Measures the resource utilization of a specific process over time

Project description

Schniepel

Measures the resource utilization of a specific process over time.

This program also measures the utilization / saturation of system-wide resources making it straightforward to put the process-specific metrics into context.

Built for Linux. Windows and Mac OS support might come.

Highlights:

  • High sampling rate: by default, Schniepel uses a sampling interval of 0.5 seconds for making narrow spikes visible.
  • Schniepel is built for monitoring a program subject to process ID changes. This is useful for longevity experiments when the monitored process occasionaly restarts (for instance as of fail-over scenarios).
  • Schniepel can run unsupervised and infinitely long with predictable disk space requirements (it applies an output file rotation and retention policy).
  • Schniepel helps keeping data organized: time series data is written into HDF5 files, and annotated with relevant metadata such as the program invocation time, system hostname, and Schniepel software version.
  • Schniepel comes with a data plotting tool (separate from the data acquisition program).
  • Schniepel values measurement correctness very highly. The core sampling loop does little work besides the measurement itself: it writes each sample to a queue. A separate process consumes this queue and persists the time series data to disk, for later inspection. This keeps the sampling rate predictable upon disk write latency spikes, or generally upon backpressure. This matters especially in cloud environments where we sometimes see fsync latencies of multiple seconds.

Motivation

This was born out of a need for solid tooling. We started with pidstat from sysstat, launched as pidstat -hud -p $PID 1 1. We found that it does not properly account for multiple threads running in the same process, and that various issues in that regard exist in this program across various versions (see here, here, and here).

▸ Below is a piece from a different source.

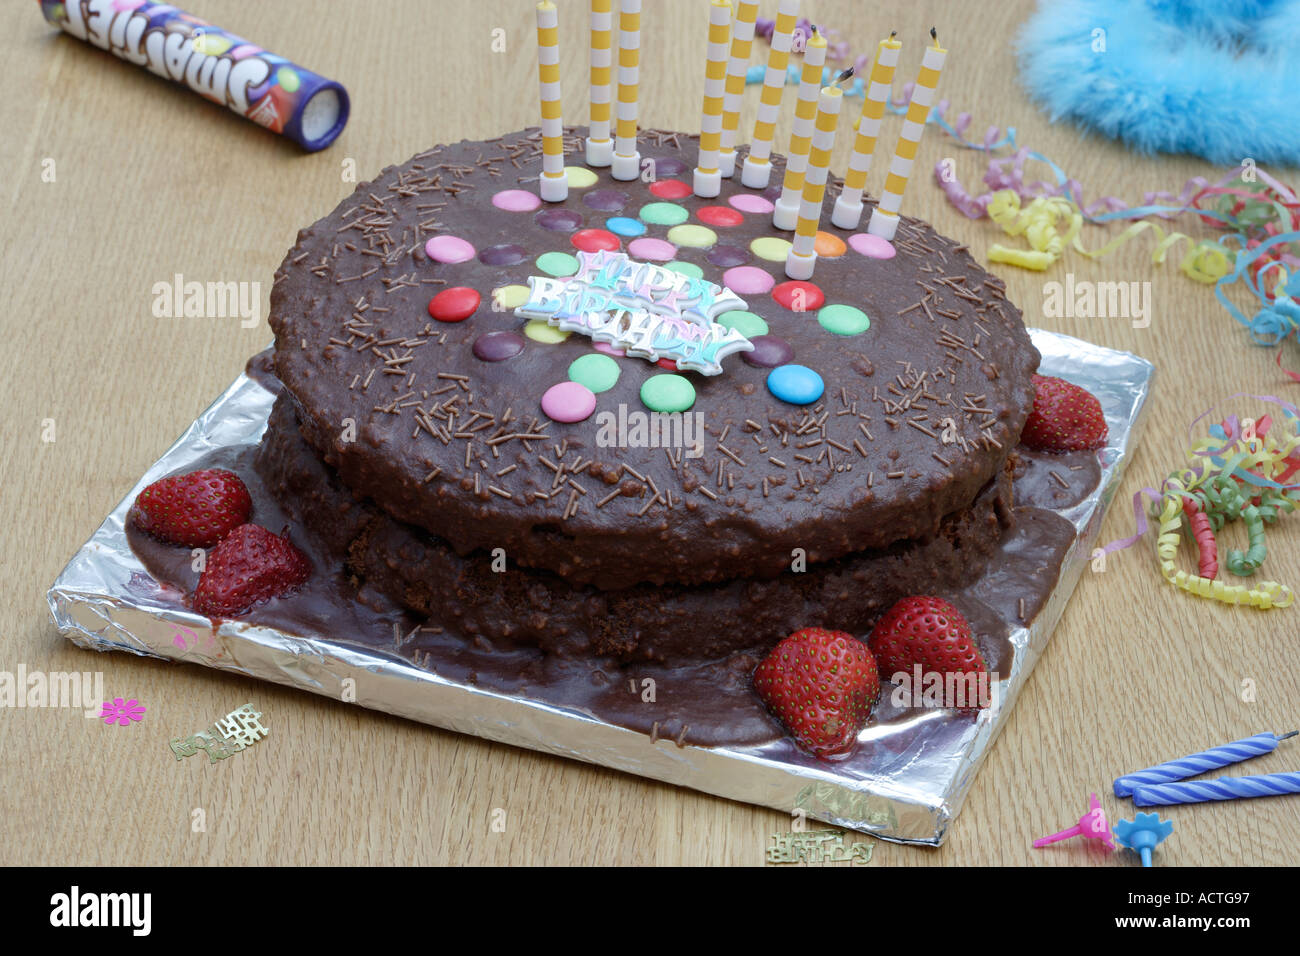 Torta al cioccolato con zucchero colorato dischi sgusciate e candele Foto Stock

The program cpustat open-sourced by Uber has a delightful README about the general measurement methodology and overall seems to be a great tool. However, it seems to be optimized for interactive usage (whereas we were looking for a robust measurement program which can be pointed at a process and then be left unattended for a significant while) and there does not seem to be a decent approach towards persisting the collected time series data on disk for later inspection (it seems to be able to write a binary file when using -cpuprofile but it is a little unclear what this file contains and how to analyze the data).

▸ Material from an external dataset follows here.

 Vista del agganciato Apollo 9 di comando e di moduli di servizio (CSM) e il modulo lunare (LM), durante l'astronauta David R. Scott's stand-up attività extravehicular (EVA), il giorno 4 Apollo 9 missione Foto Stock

The program psrecord (which effectively wraps psutil) has a similar fundamental idea as Schniepel; it however does not have a clear separation of concerns between persisting the data to disk, performing the measurement itself, and plotting the data, making it too error-prone and not production-ready.

Usage

Hints and tricks

Convert an HDF5 file to a CSV file

I recommend de-serialize and re-serialize using pandas. Example one-liner:

python -c 'import sys; import pandas as pd; df = pd.read_hdf(sys.argv[1], key="schniepel_timeseries"); df.to_csv(sys.argv[2], index=False)' messer_20190718_213115.hdf5.0001 /tmp/hdf5-as-csv.csv

Note that this significantly inflates the file size (e.g., from 50 MiB to 300 MiB).

Notes

  • Schniepel tries to not asymmetrically hide measurement uncertainty. For example, you might see it measure a CPU utilization of a single-threaded process slightly larger than 100 %. That's simply the measurement error. In other tooling such as sysstat it seems to be common practice to asymmetrically hide measurement uncertainty by capping values when they are known to in theory not exceed a certain threshold (example).

  • Must be run with root privileges.

  • The value -1 has a special meaning for some metrics (NaN, which cannot be represented properly in HDF5). Example: A disk write latency of -1 ms means that no write happened in the corresponding time interval.

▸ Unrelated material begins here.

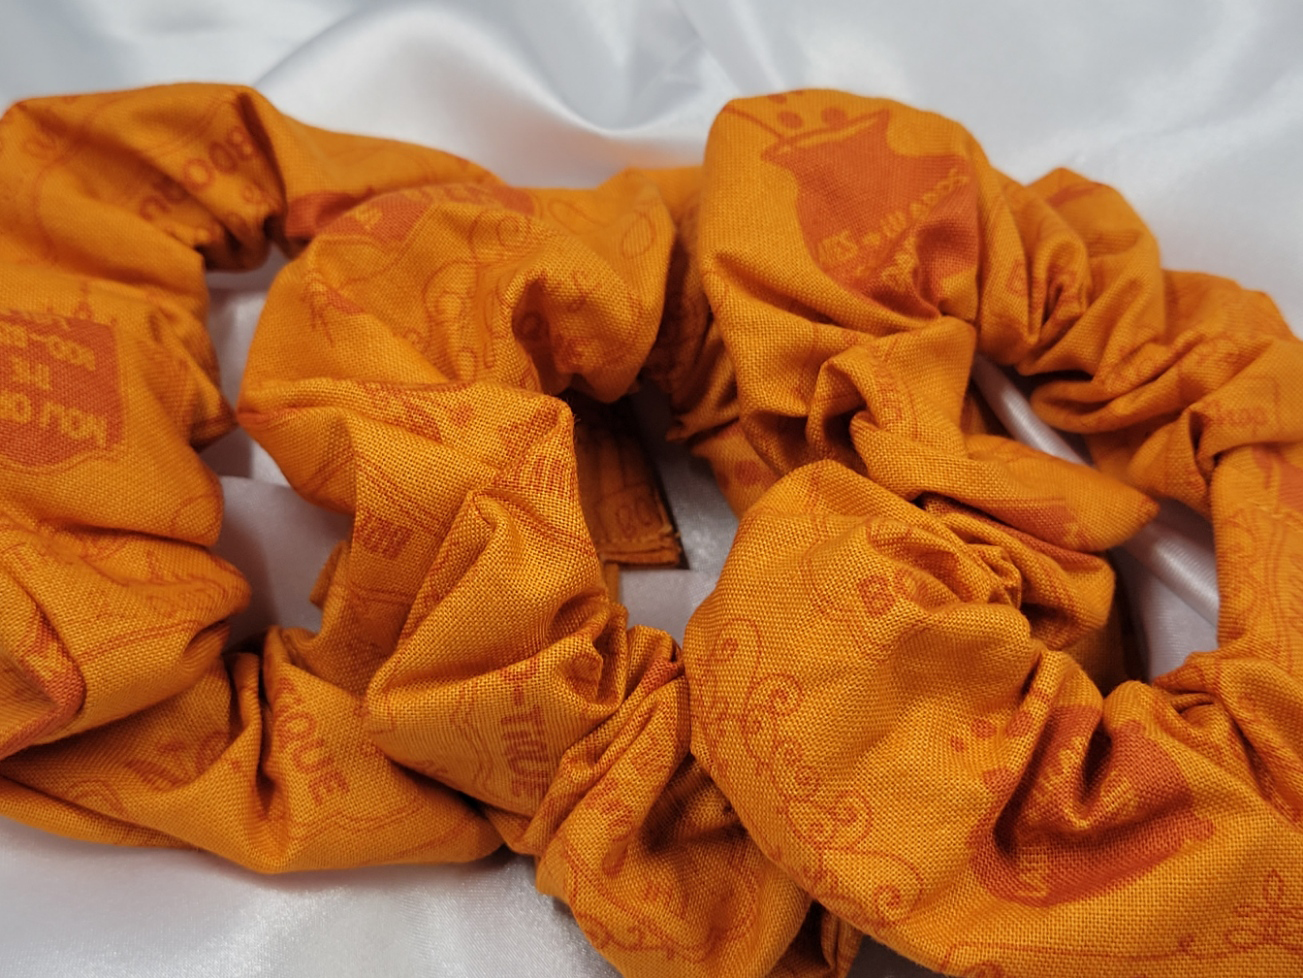 Hometown Halloween Orange Shop Signs Cotton Scrunchies

  • The highest meaningful sampling rate is limited by the kernel's timer and bookkeeping system.

Measurands (columns, and their units)

The quantities intended to be measured.

proc_cpu_id

The ID of the CPU that this process is currently running on.

Momentary state at sampling time.

proc_cpu_util_percent_total

The CPU utilization of the process in percent.

Mean over the past sampling interval.

If the inspected process is known to contain just a single thread then this can still sometimes be larger than 100 % as of measurement errors. If the process contains more than one thread then this can go far beyond 100 %.

This is based on the sum of the time spent in user space and in kernel space. For a more fine-grained picture the following two metrics are also available: proc_cpu_util_percent_user, and proc_cpu_util_percent_system.

proc_num_threads

The number of threads in the process.

Momentary state at sampling time.

proc_num_ip_sockets_open

The number of sockets currently being open. This includes IPv4 and IPv6 and does not distinguish between TCP and UDP, and the connection state also does not matter.

Momentary state at sampling time.

proc_num_fds

The number of file descriptors currently opened by this process.

Momentary state at sampling time.

proc_disk_read_throughput_mibps and proc_disk_write_throughput_mibps

The disk I/O throughput of the inspected process, in MiB/s.

Based on Linux' /proc/<pid>/io rchar and wchar. A highly relevant piece of documentation (emphasis mine):

The number of bytes which this task has caused to be read from storage. This is simply the sum of bytes which this process passed to read() and pread(). It includes things like tty IO and it is unaffected by whether or not actual physical disk IO was required (the read might have been satisfied from pagecache)

Mean over the past sampling interval.

proc_mem_rss_percent

Fraction of process resident set size (RSS) relative to machine's physical memory size in percent.

Momentary state at sampling time.

proc_ctx_switch_rate_hz

The rate of (voluntary and involuntary) context switches in Hz.

Mean over the past sampling interval.

(list incomplete)

Valuable references

External references on the subject matter that I found useful during development.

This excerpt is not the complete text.